Repeat the whole listing word for word, skipping pictures.

• **Information supplied**
######

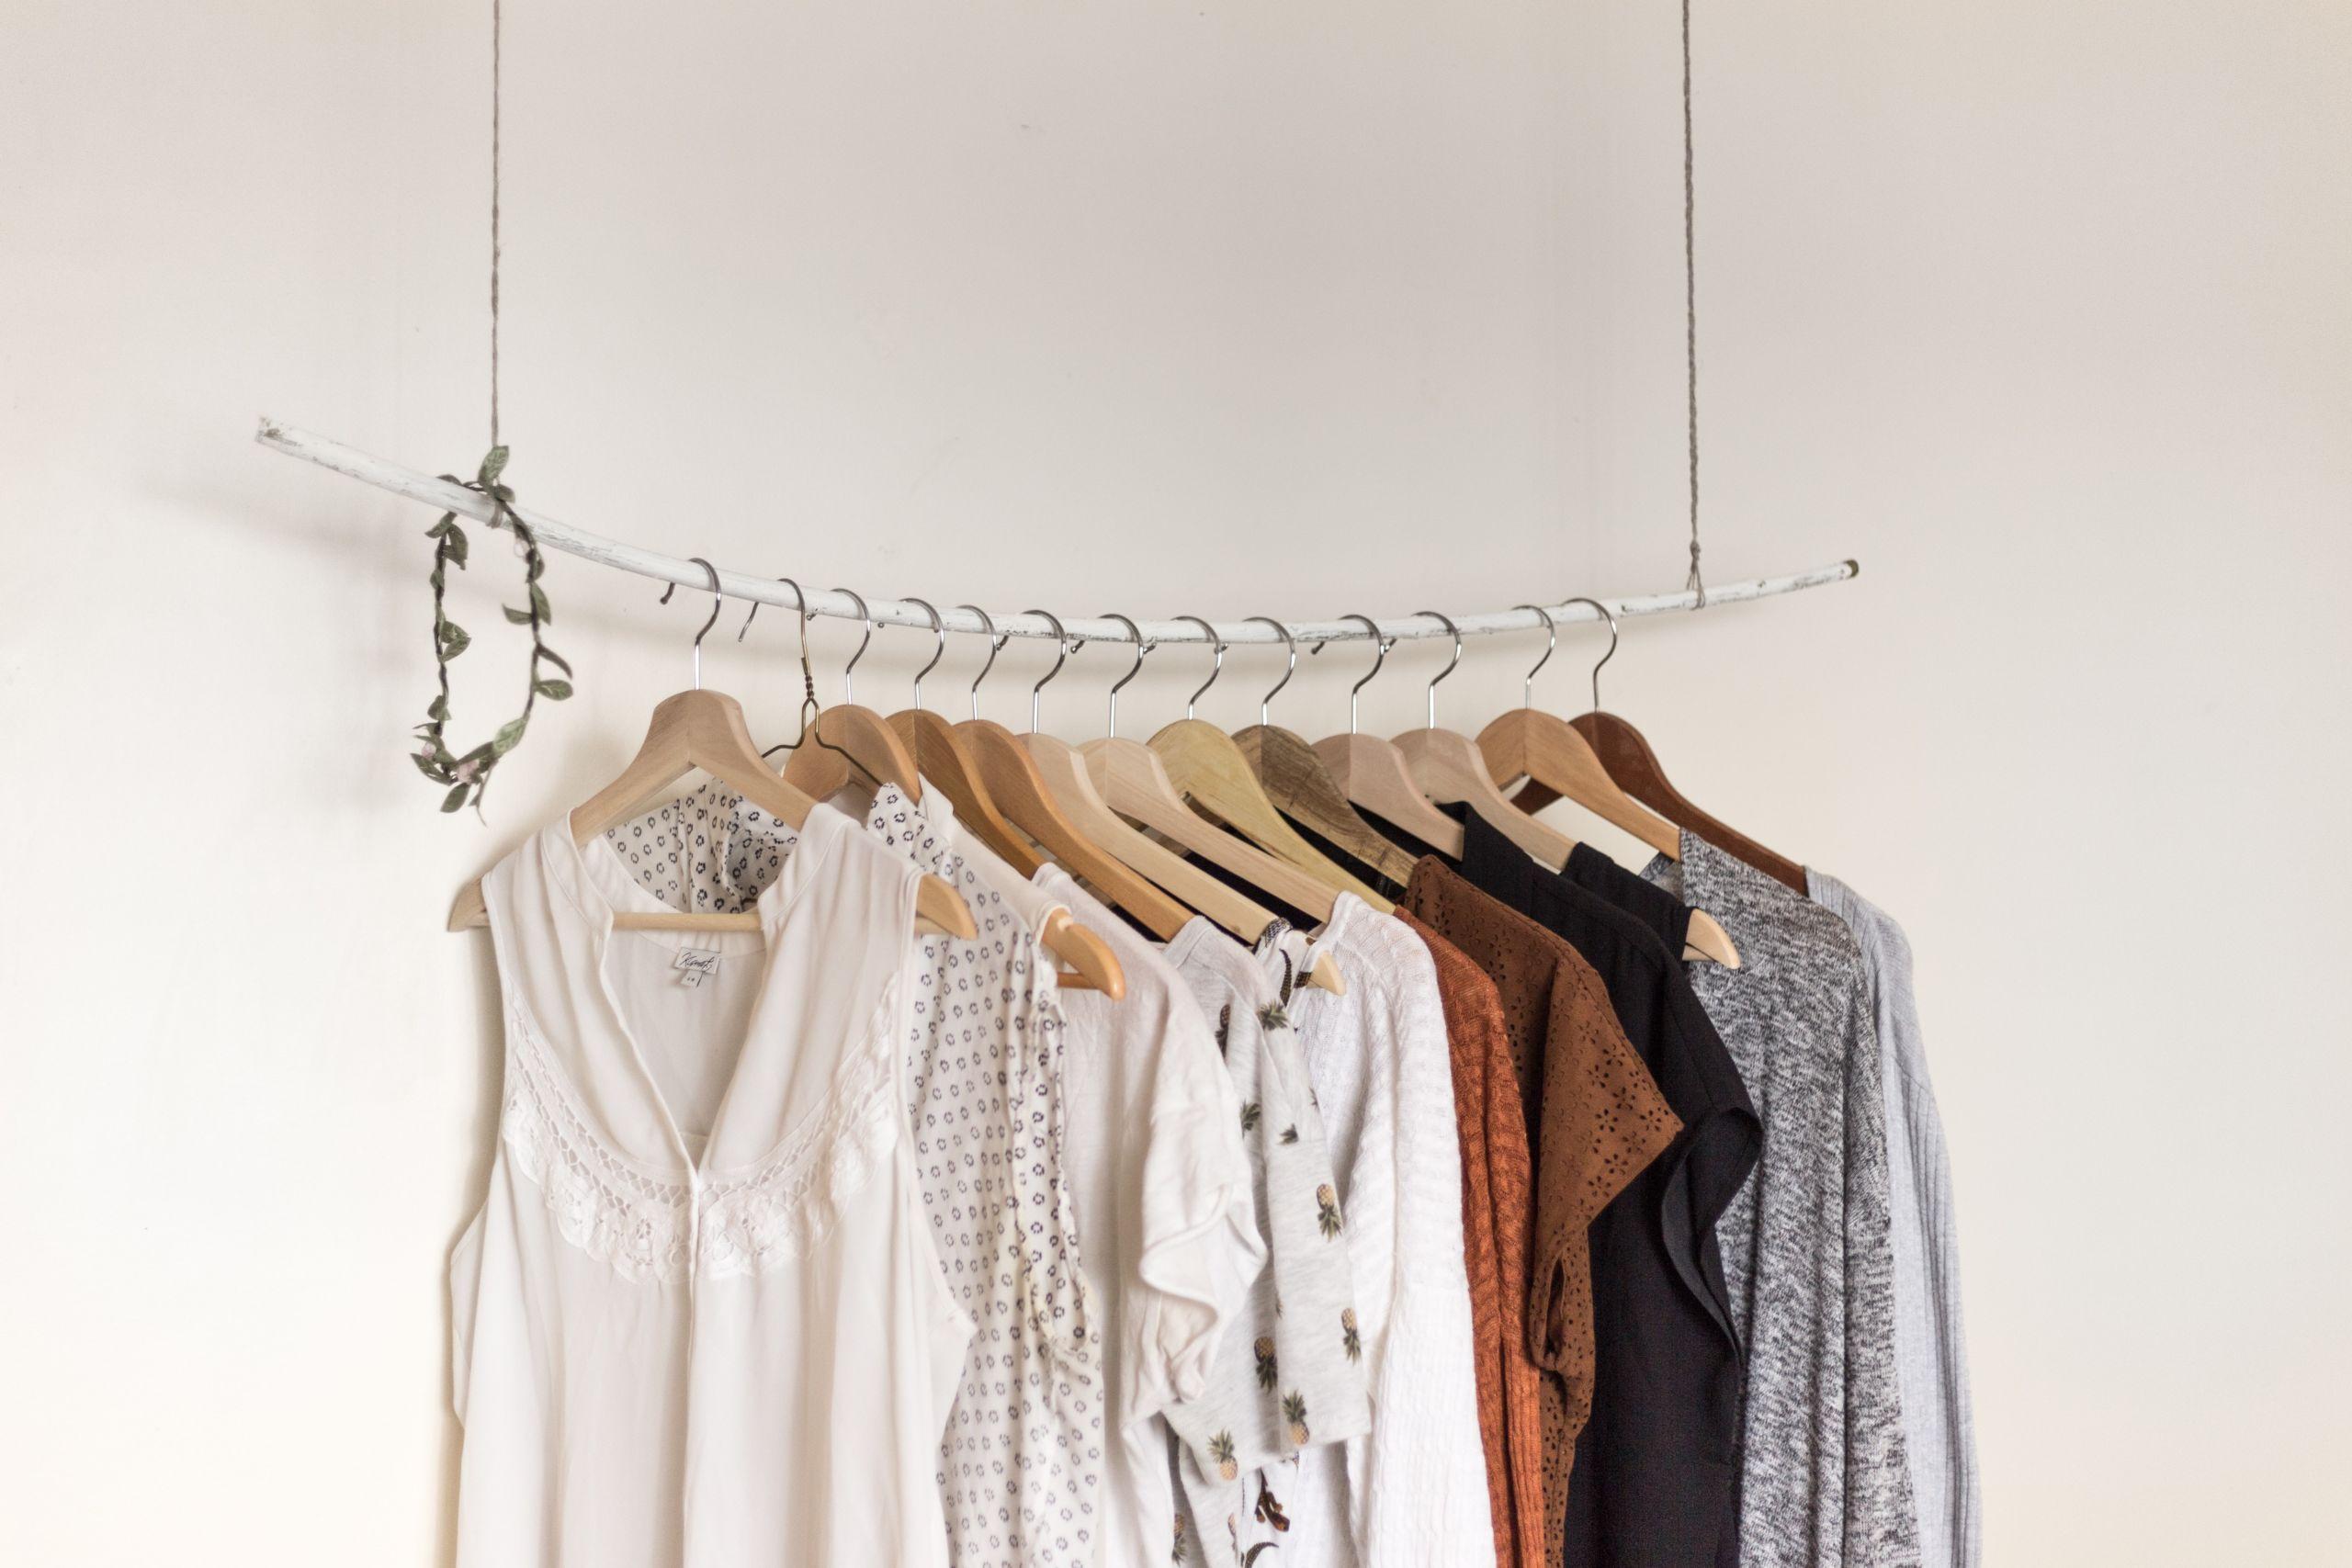 Comment Faire Un Dressing Sois Meme comment aménager un dressing soi-même ? - openmedia
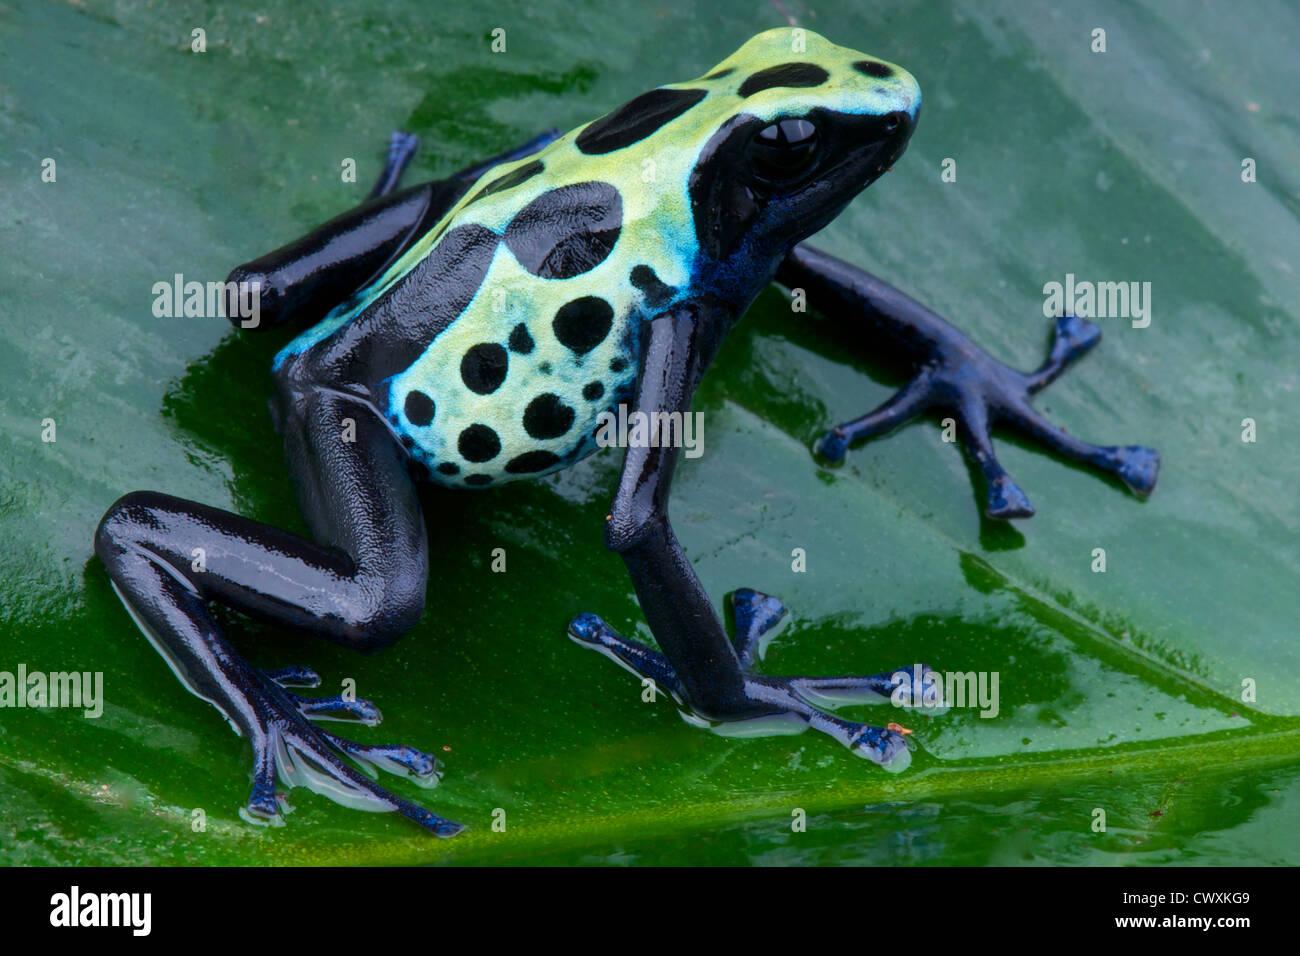 Dyed dartfrog / Dendrobates tinctorius - Stock Image
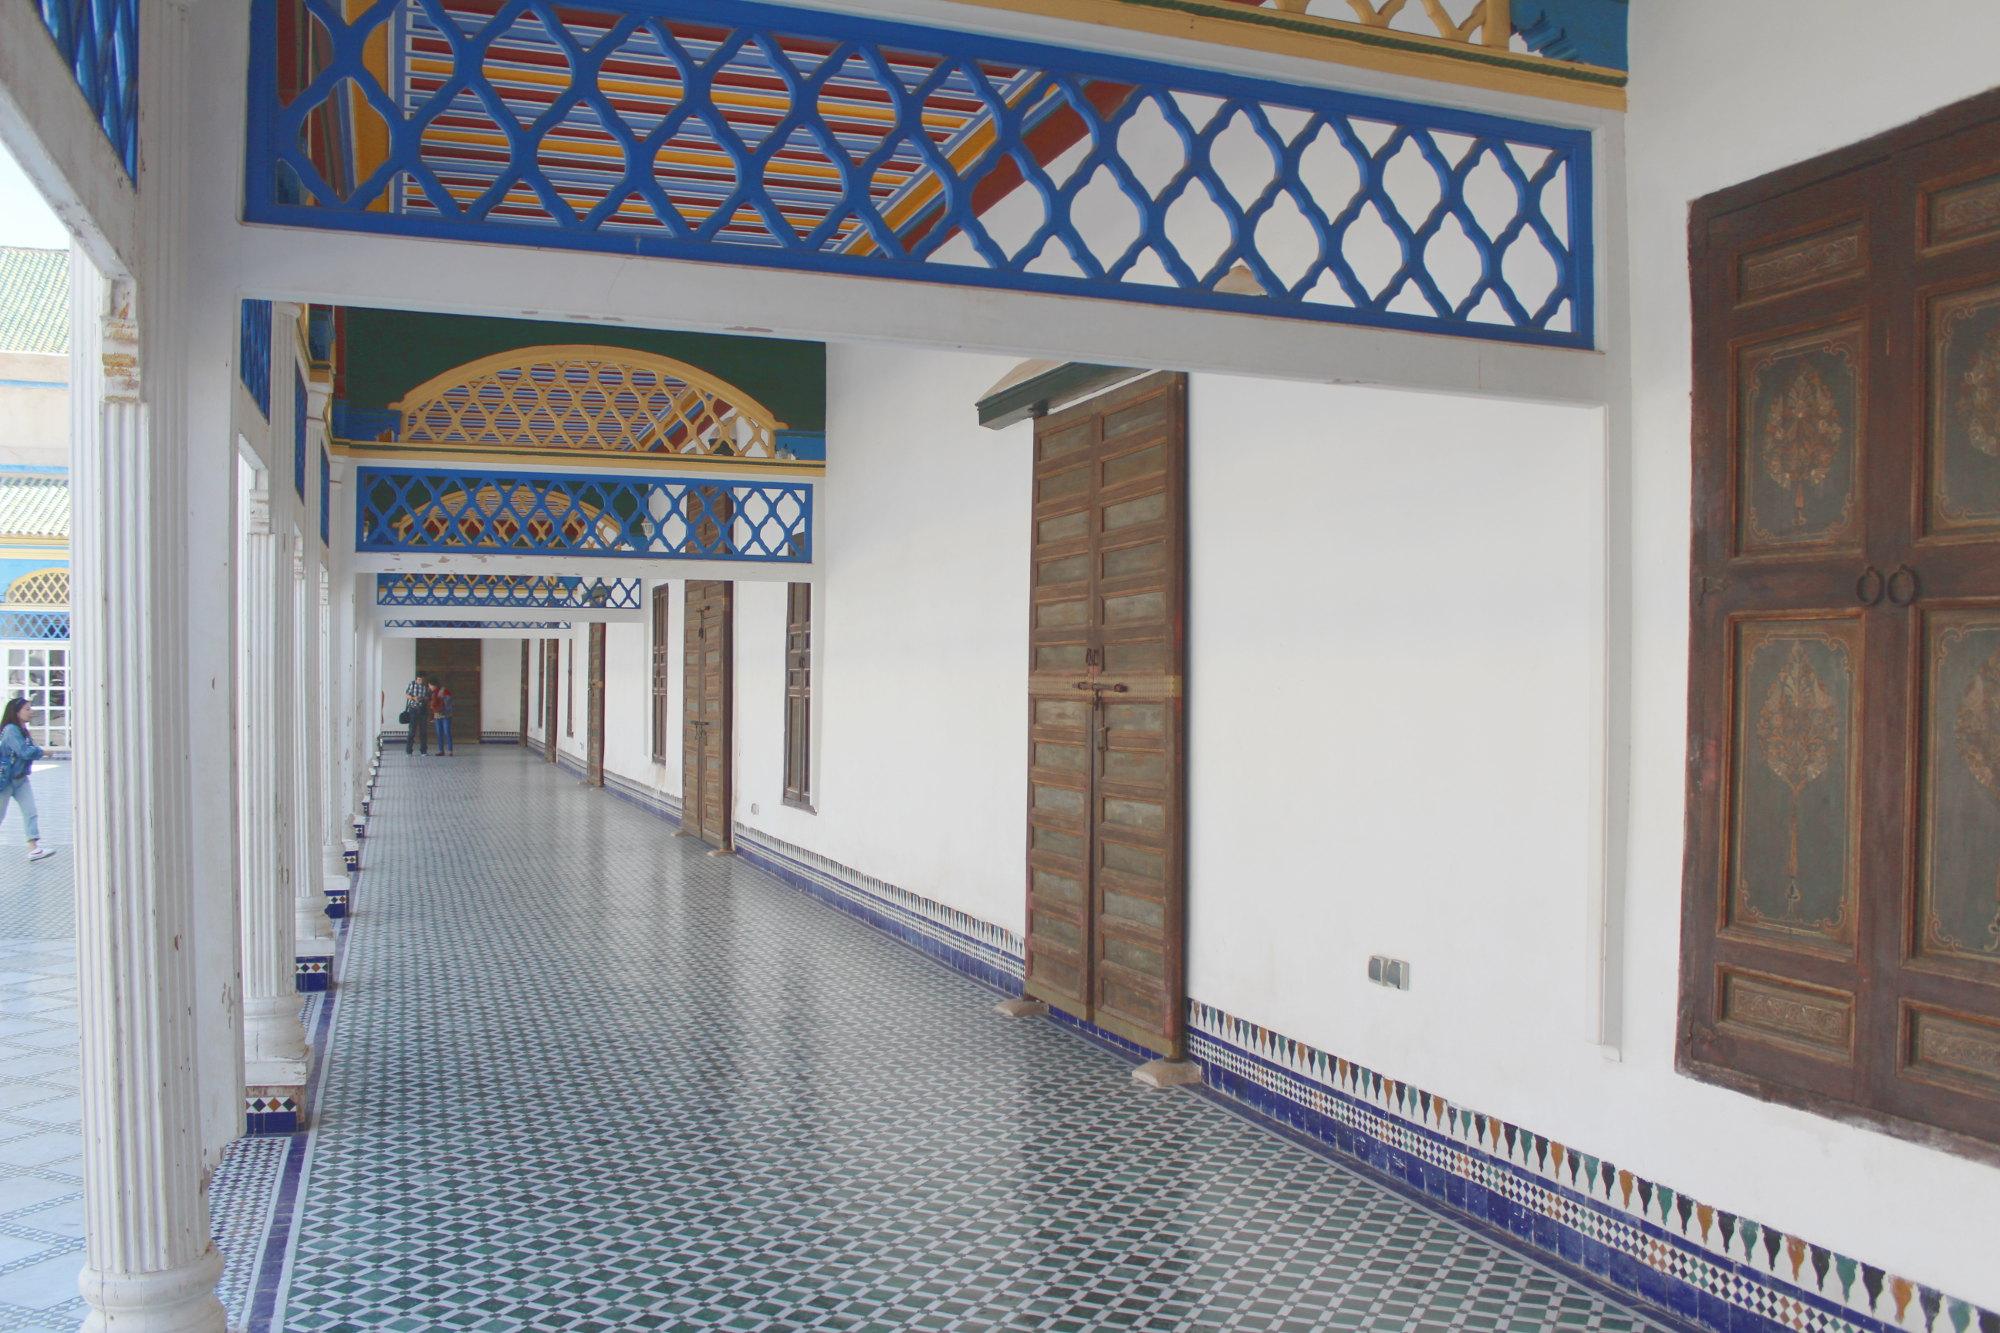 Seitengang im Palais de la Bahia

######

• **Task solution**
 Comment Faire Un Dressing Sois Meme comment aménager un dressing soi-même ? - openmedia
 Dyed dartfrog / Dendrobates tinctorius - Stock Image
 Seitengang im Palais de la Bahia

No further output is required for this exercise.